In the document known as the Taskforce on Climate-related Financial Disclosures (TCFD) report, trustees are required to disclose information about their pension scheme governance, strategy and risk management, along with their metrics and targets; these should be published within seven months of the end of a scheme year.

The regulations, which entered force for trustees of larger DB pension schemes with assets of £5bn and above and authorised master trusts on 1 October 2021, are designed to better identify, assess and manage climate risk, which may directly or indirectly affect members’ funds.

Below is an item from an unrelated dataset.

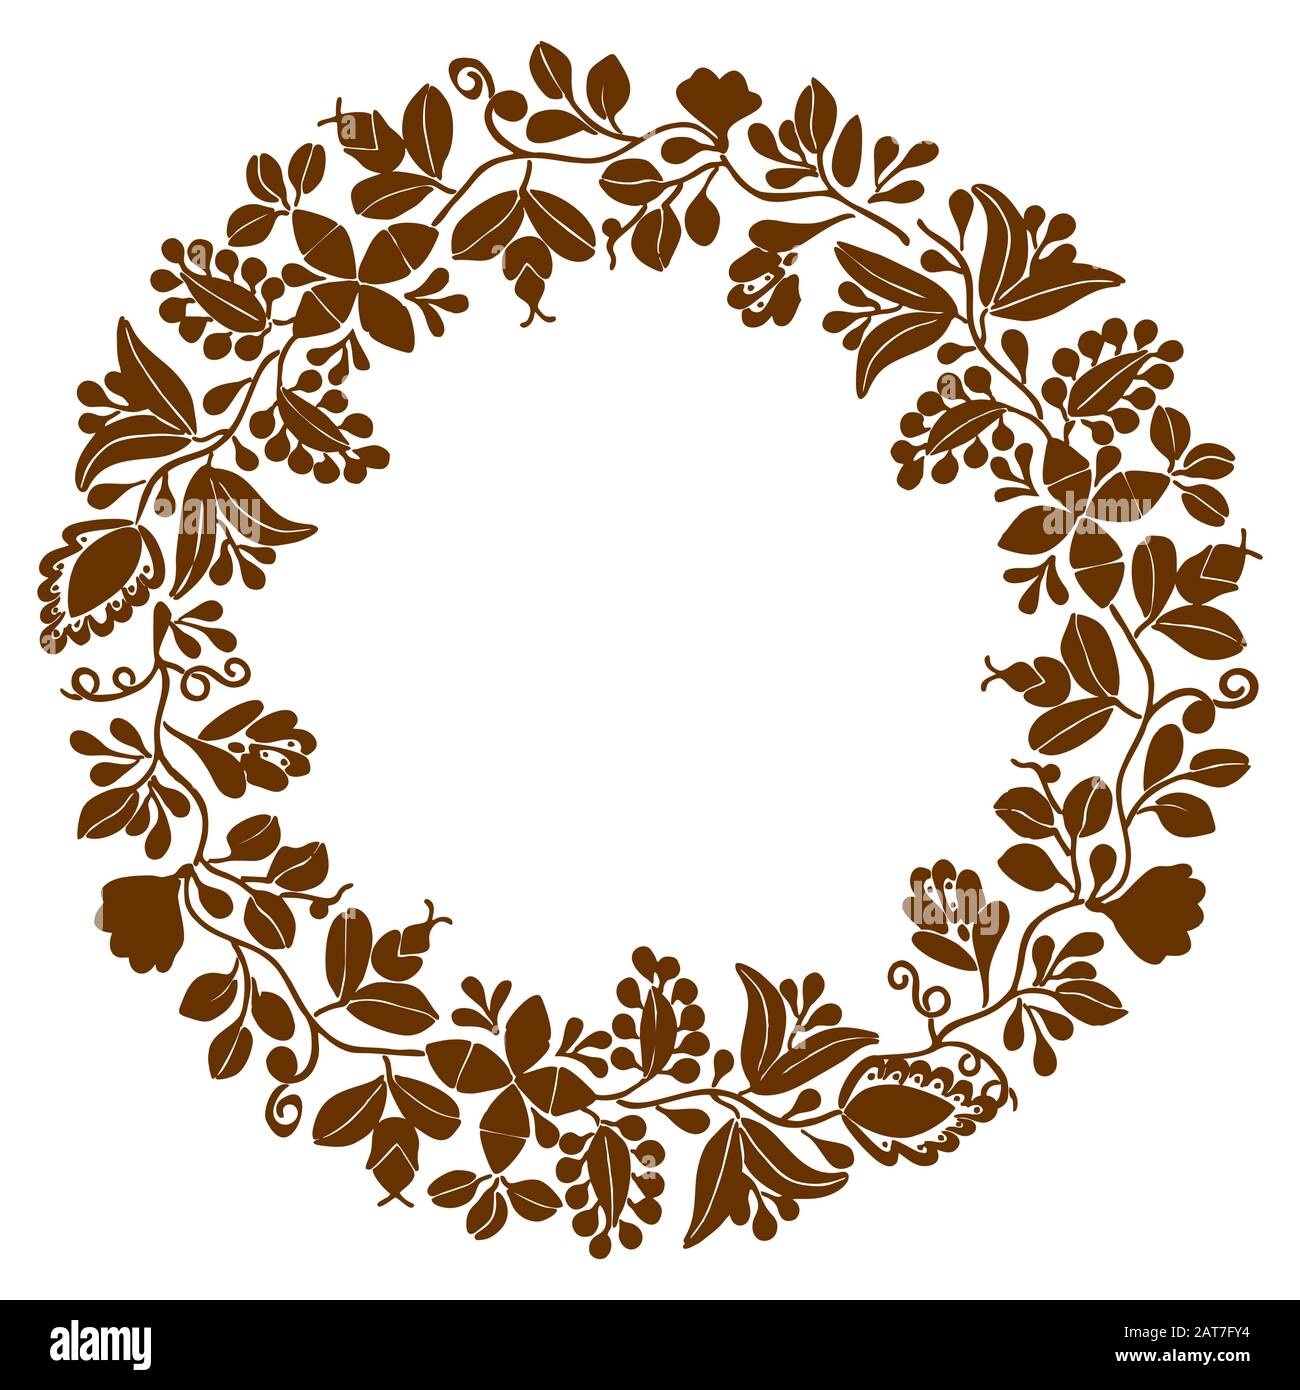 Brown floral laurel wreath vector frame on white background Stock Vector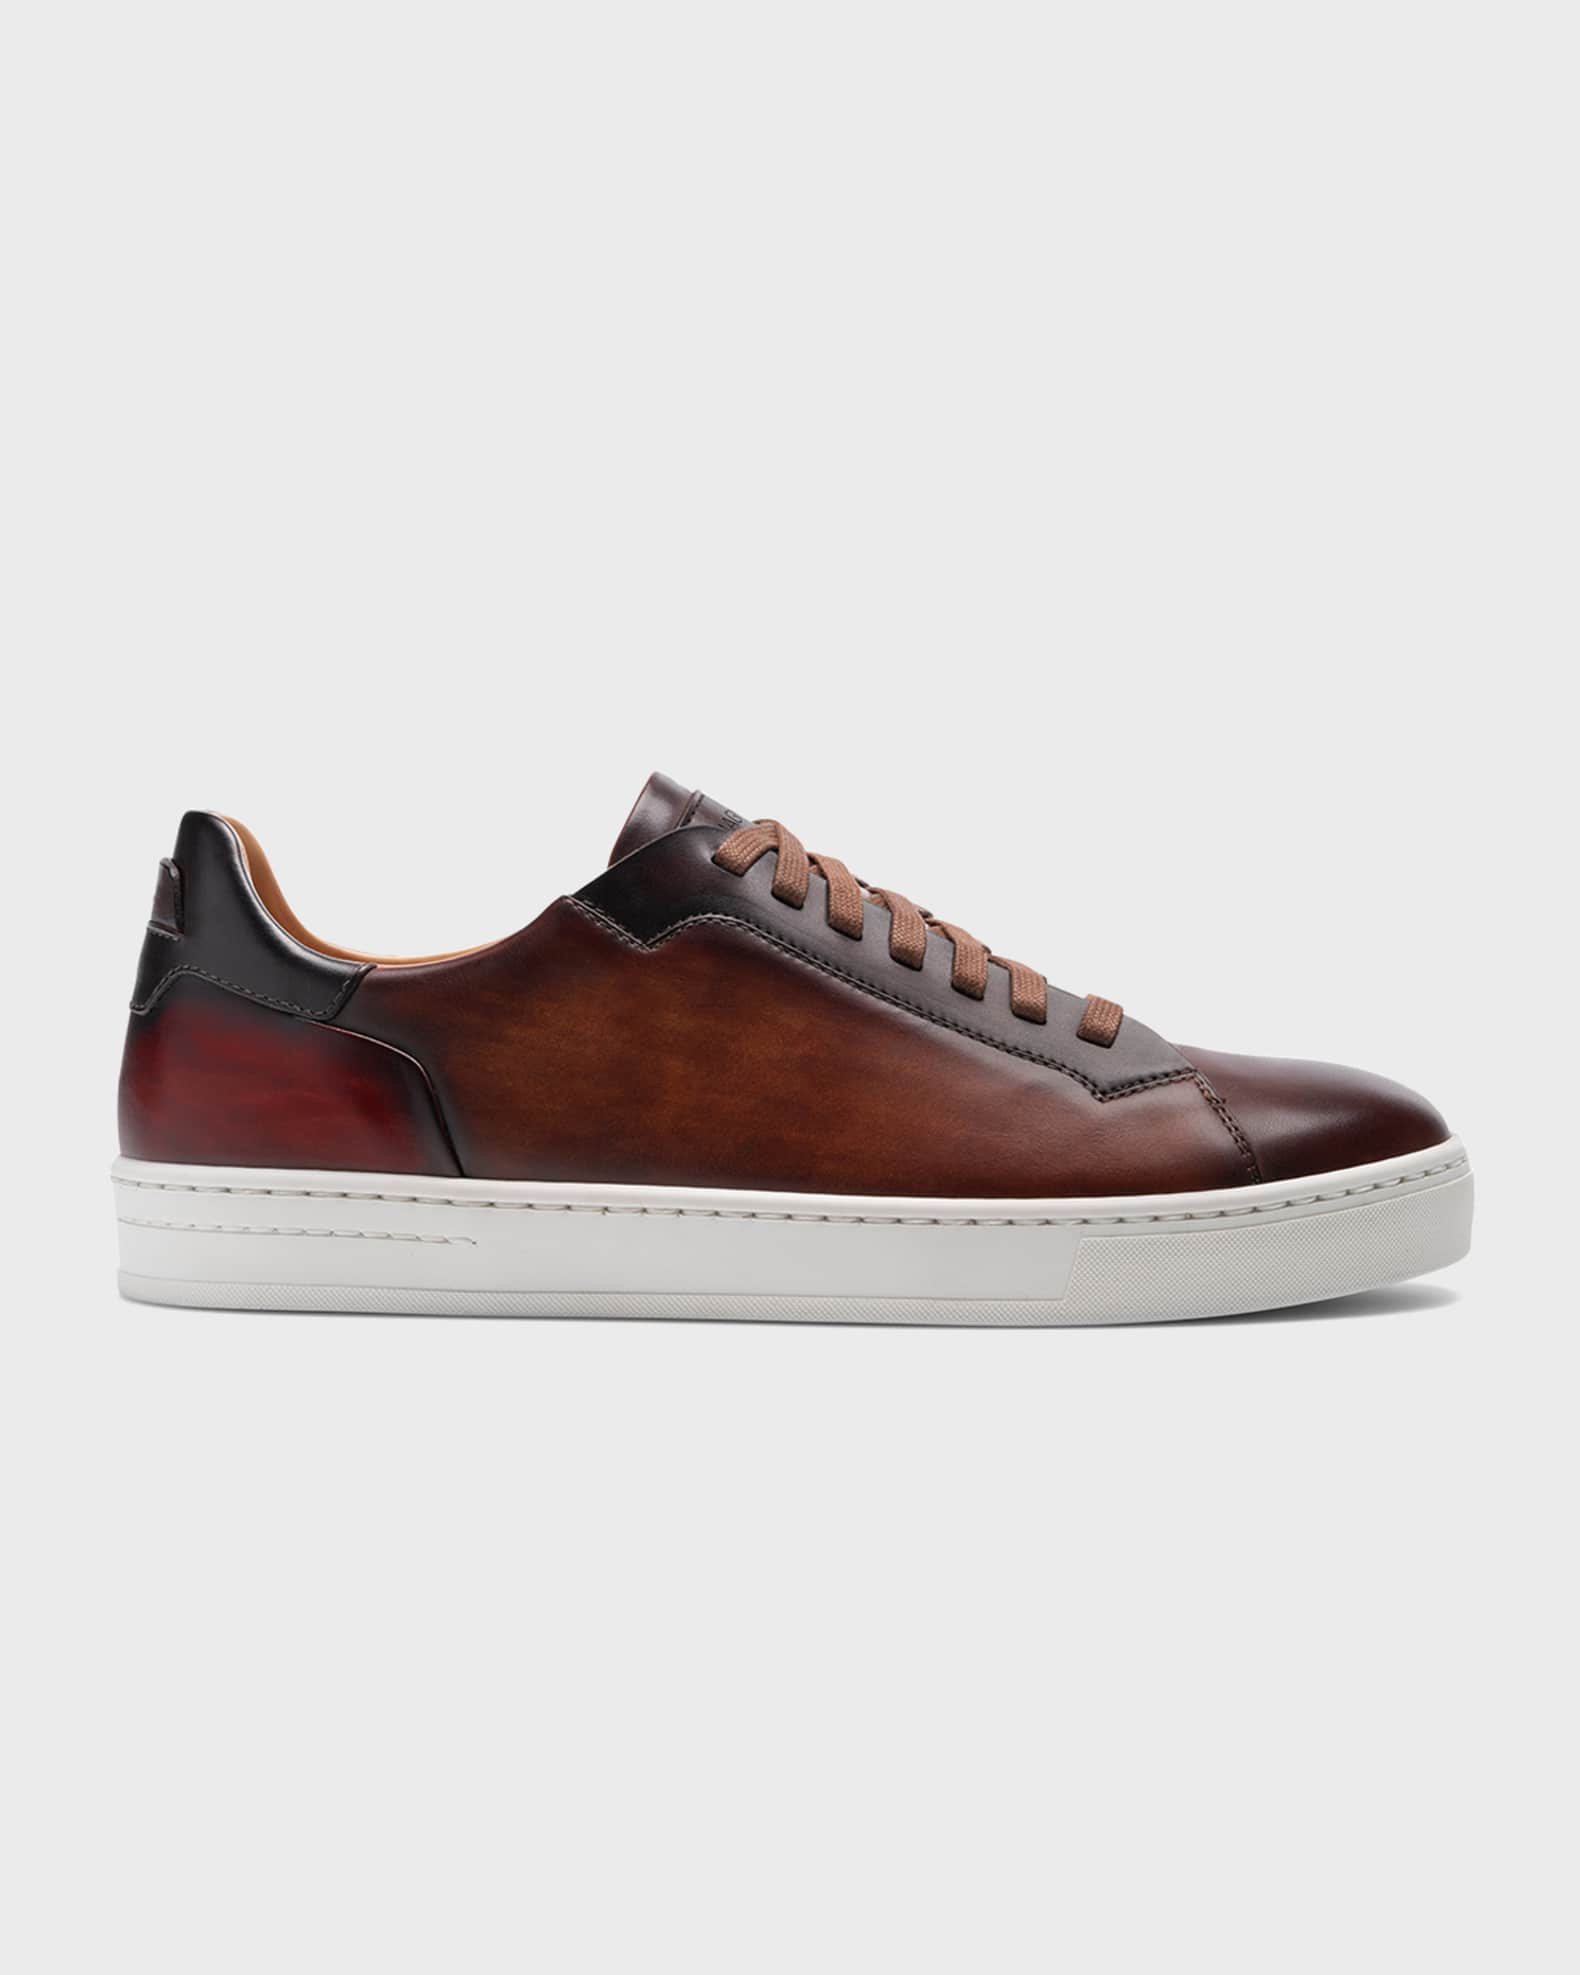 Magnanni Men's Burnished Leather Low-Top Sneakers Neiman

Further preparation is required for the phased implementation of pensions dashboards, which will be introduced from April 2023 through to 2026. The dashboards aim to provide savers with access to their multiple pensions savings, including their State Pension, in one place online.

This is likely to be welcome news for those involved in debates over the adequacy of savers’ retirement funds amid concerns about the number of companies that have moved from DB to DC pension schemes for their workforce.

“If we’ve got a big cohort coming to retire who can’t afford to retire, I think overall there’s going to be a greater focus again on adequacy, what companies provide and perhaps where the balance should sit between private and personal and state provision,” Evans says.